First of all, BB!'s way of thinking about the nature of the problem is correct. I referred to weight percentages but after recalculation to molar percentages my result improve only by 1 % giving 92 % of mass recovery (should be >98 %).

Second, I do not have samples stored in deep freeze.Thus to check system and standards I just use freshly made samples. My time 0 values are these obtained at the beginning of stability studies.

I tried to make it a bit more clear, hope it helps.
I have been investigating your problem but it is not easy to say what is going on with your samples. Maybe try to tell us more about composition of the sample.

Package, any other substances presence, conditions and time of samples storage etc.
The reason I was hoping that you had preserved frozen T=0 samples is to allow a re-check in case there was an error in the original analysis.
-- Tom Jupille
LC Resources / Separation Science Associates
tjupille@lcresources.com
+ 1 (925) 297-5374
First:the method i used was previously validated. second:I obtained good results for all test until 18th month of stability studies. Unfortunately don't store time 0 sample frozen.
First:the method i used was previously validated. second:I obtained good results for all test until 18th month of stability studies. Unfortunately don't store time 0 sample frozen.

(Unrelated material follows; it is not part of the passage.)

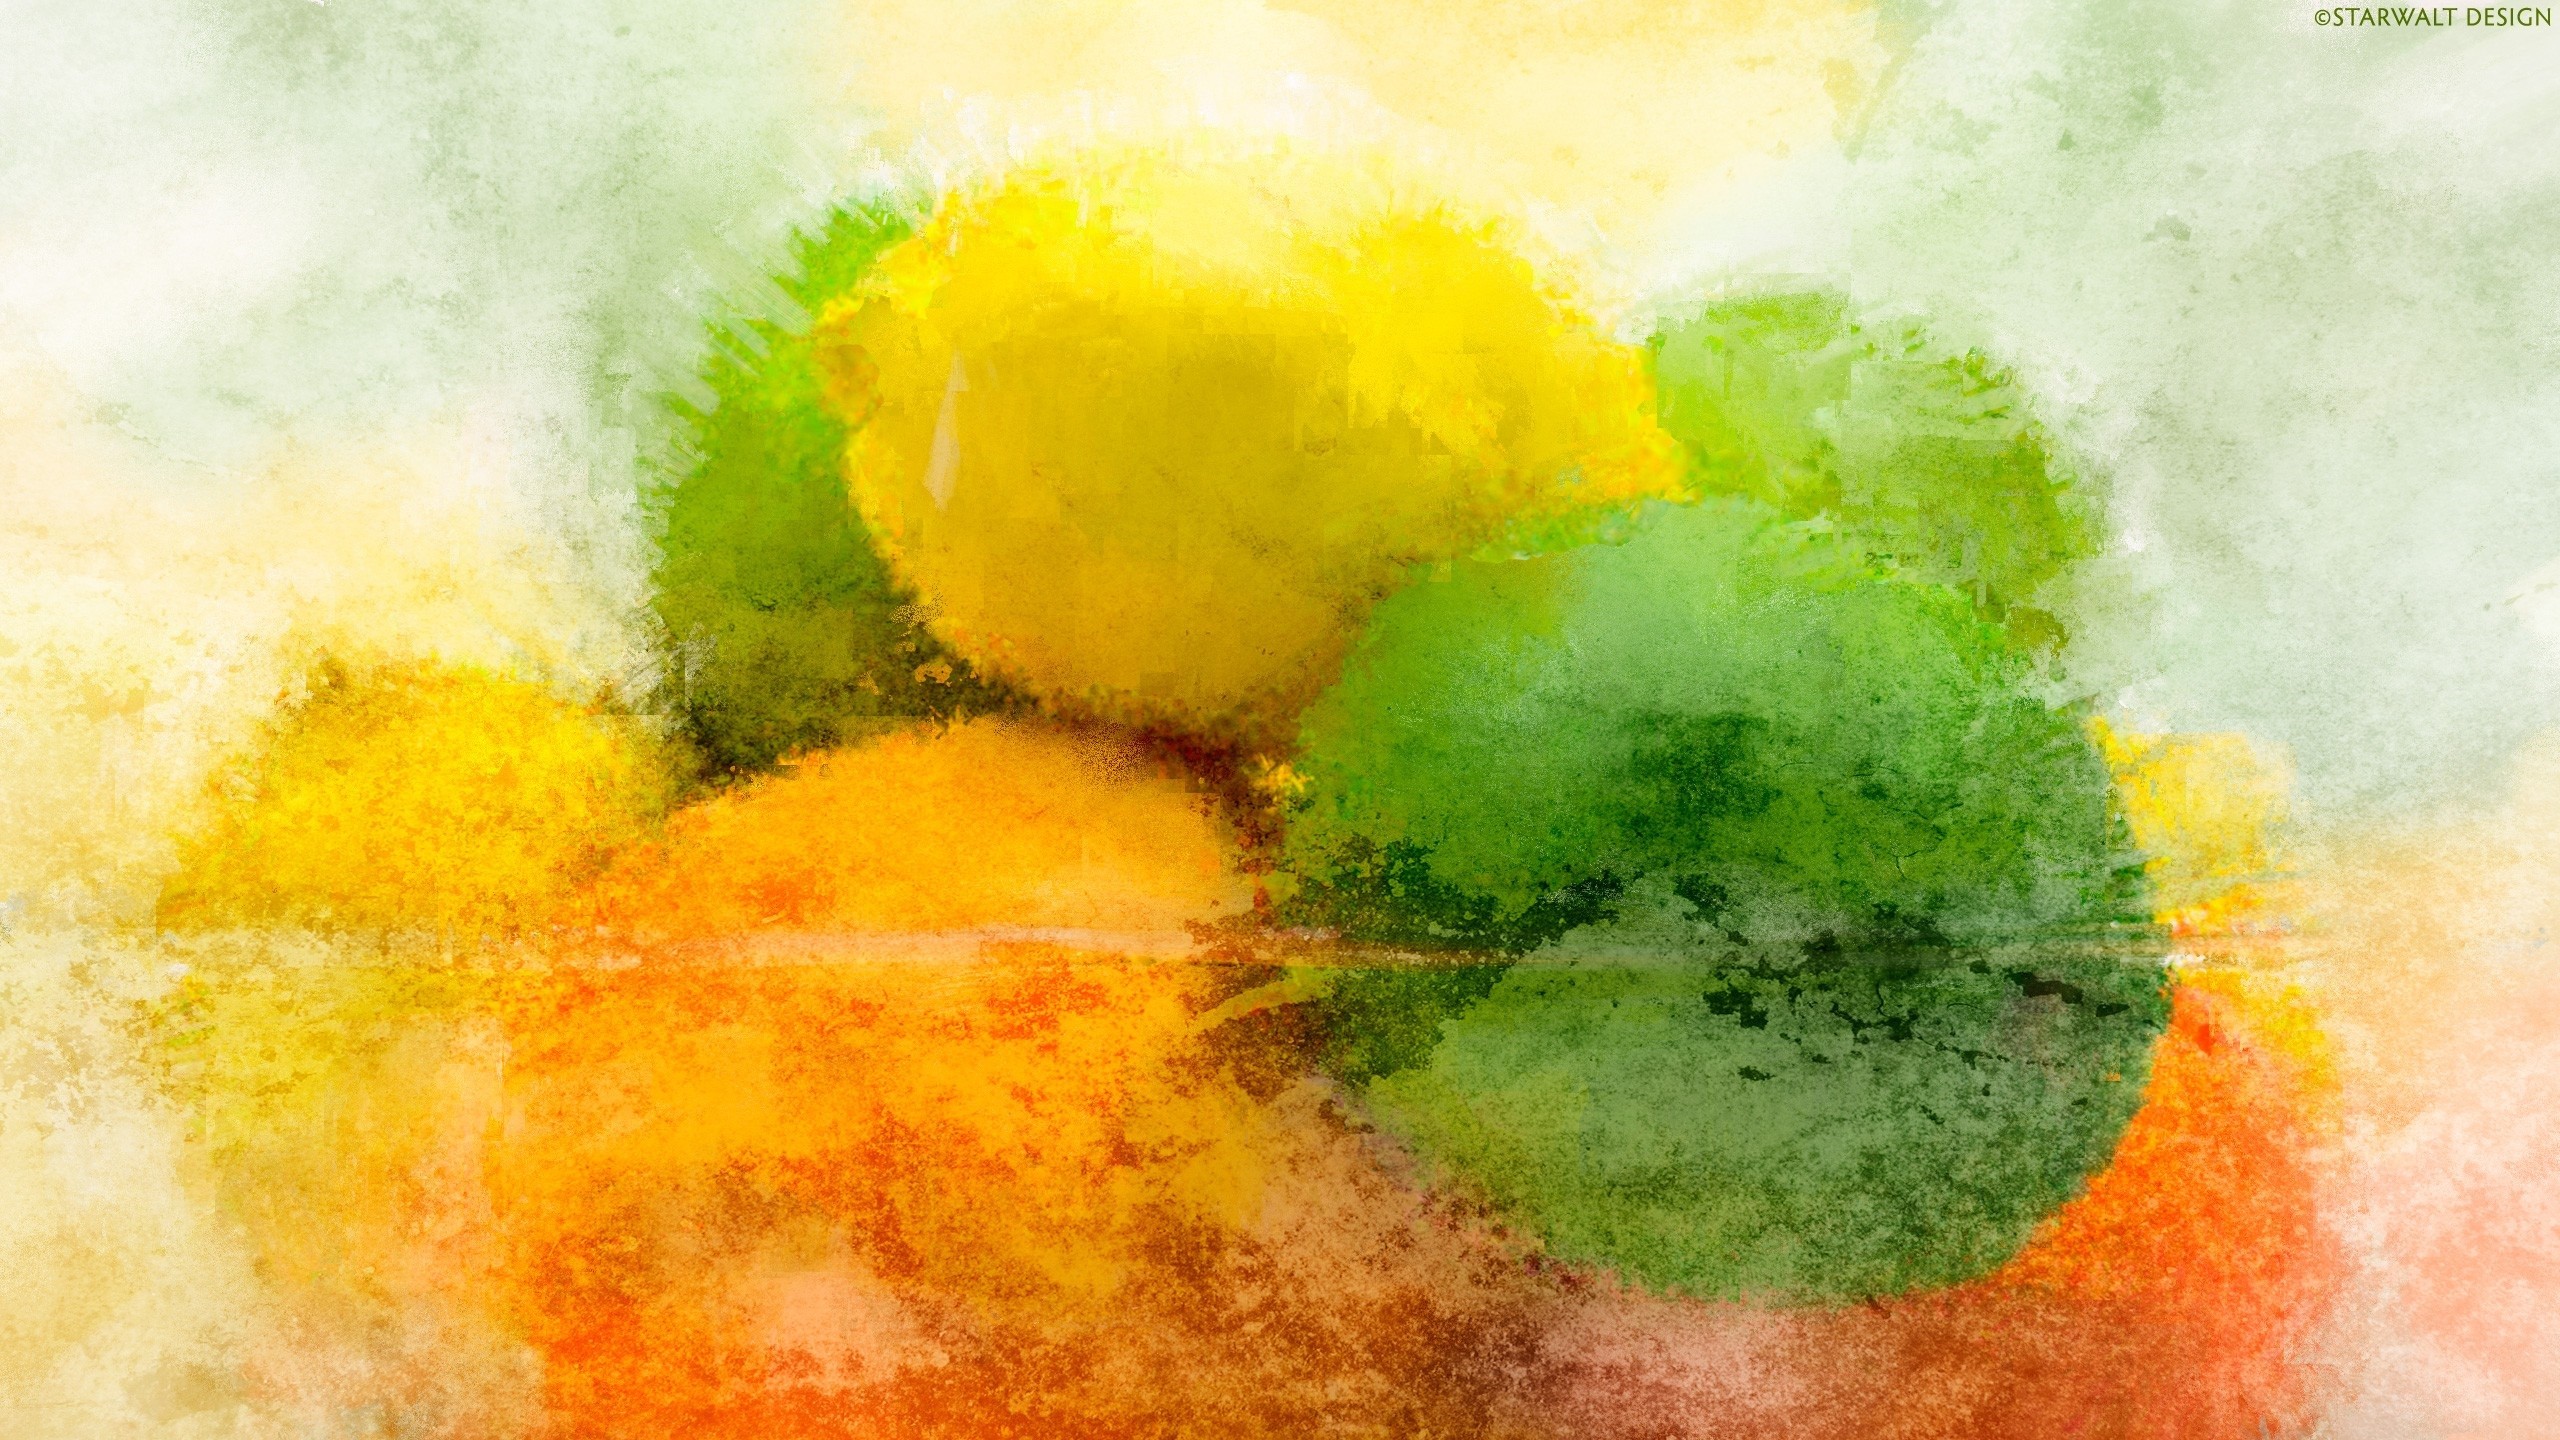 General 2560x1440 abstract lemons yellow orange green lime orange (fruit) grunge food digital art

The water wears away the stone.
Hydrolisis and reeterification wich etanole. End oxidation oxybezoic acid wich air oxigen/ Experience to get dirty. But you can calculate the reaction rate constants for unknown conditions :D
PS
Judging by the name - Slavjan lady ( russian or ucraine,or belarus or bulgar).
Dobro pojalovat na anchem.ru :D
Sample was kept in tubes not permeable for air oxygen, so there should be no oxygene inluence.

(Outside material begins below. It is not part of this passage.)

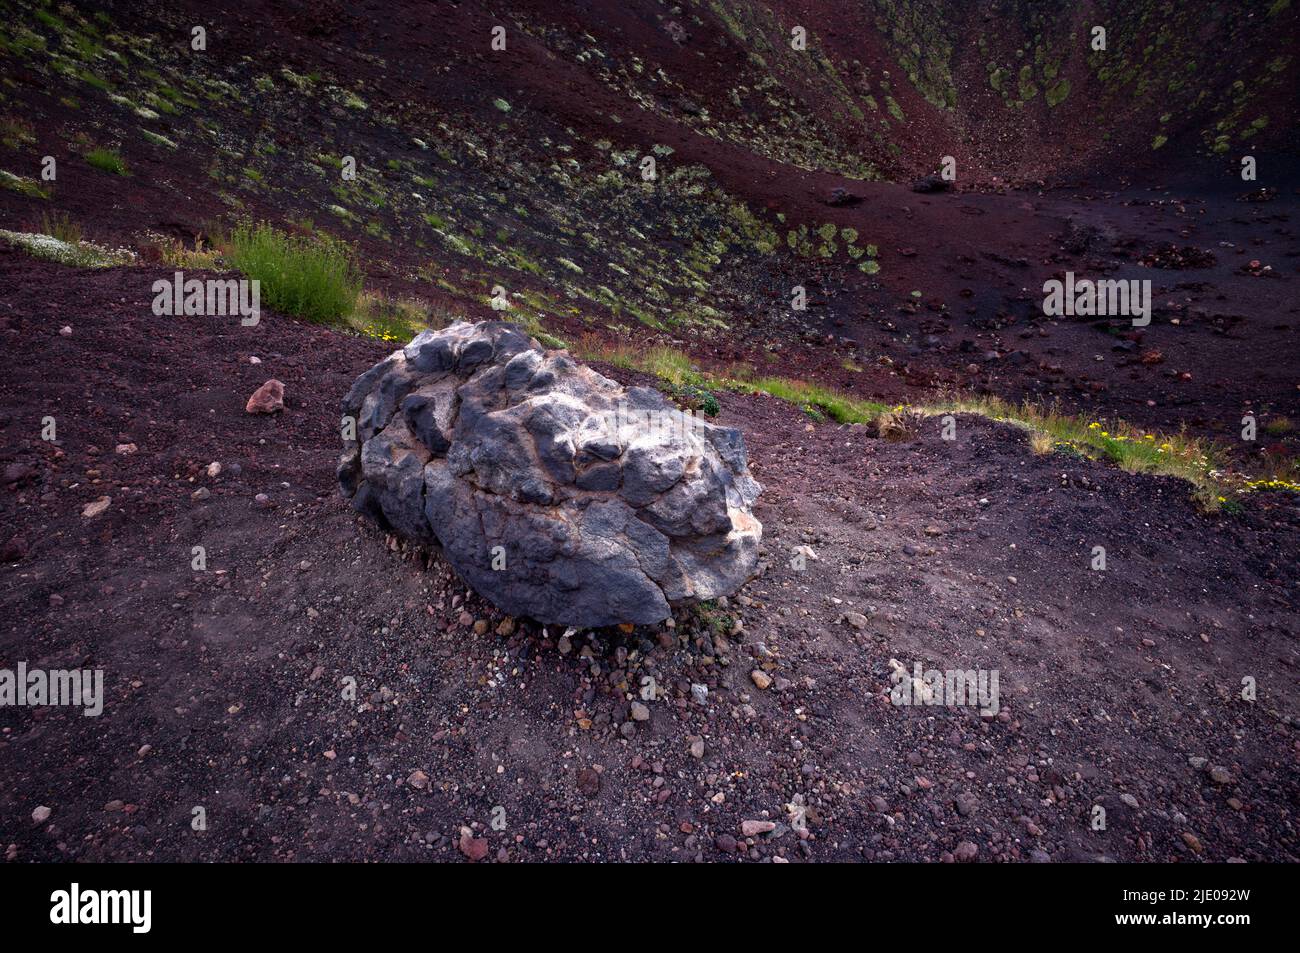 Red lava stones, volcanic soil, Crateri crater Silvestri, Etna volcano, Sicily, Italy Stock Photo

Sorry don't understand russian:(
Aluminium tube or polymer tube? Or in sealed (in argone) glass ampules ? 8)
Oxygen diffuses through the polymer is very good.



Also unclear recipe mixes recipe- only ethanol, water, and parabens, or something else?
It was polymer with EVOH membrane. It was gel sample, consist of Carbomer, NaOH solution, Menthol, Aseptin M, EtOH and Aluminium Acetotartrate as drug substance :)
:roll:
May be many variants of problems!
1) Unsoluble aluminium salt
2) Sorbtion on plastics
3) Oxidaton
4)Other
Aseptin is metilparabene TM &?
Oxigen diffusion throght polimers
http://www.sciencedirect.com/science?_o ... archtype=a

Oxbenzoic acid oxidaton throht quinone acid.
Should be unidentifiable peaks in early chromatogram.

Sorbtion on tube - Rinse with water pipe, cut to pieces and extracted in a Soxhlet
Hi Aleksandra

How did you calibrate the detector response to analyte quantity for the hydroxybenzoic acid and the ethyl paraben ?

Peter
Peter Apps
Calibration curves for each: hydroxybenzoic acid, methyl paraben, ethyl paraben standards were prepered and were analyzed in the same sequence as samples.

Will try to extract parabens from the tubes tomorrow and will let you know how it goes. Thank you for ideas :) btw by Aseptin I meant methyl paraben.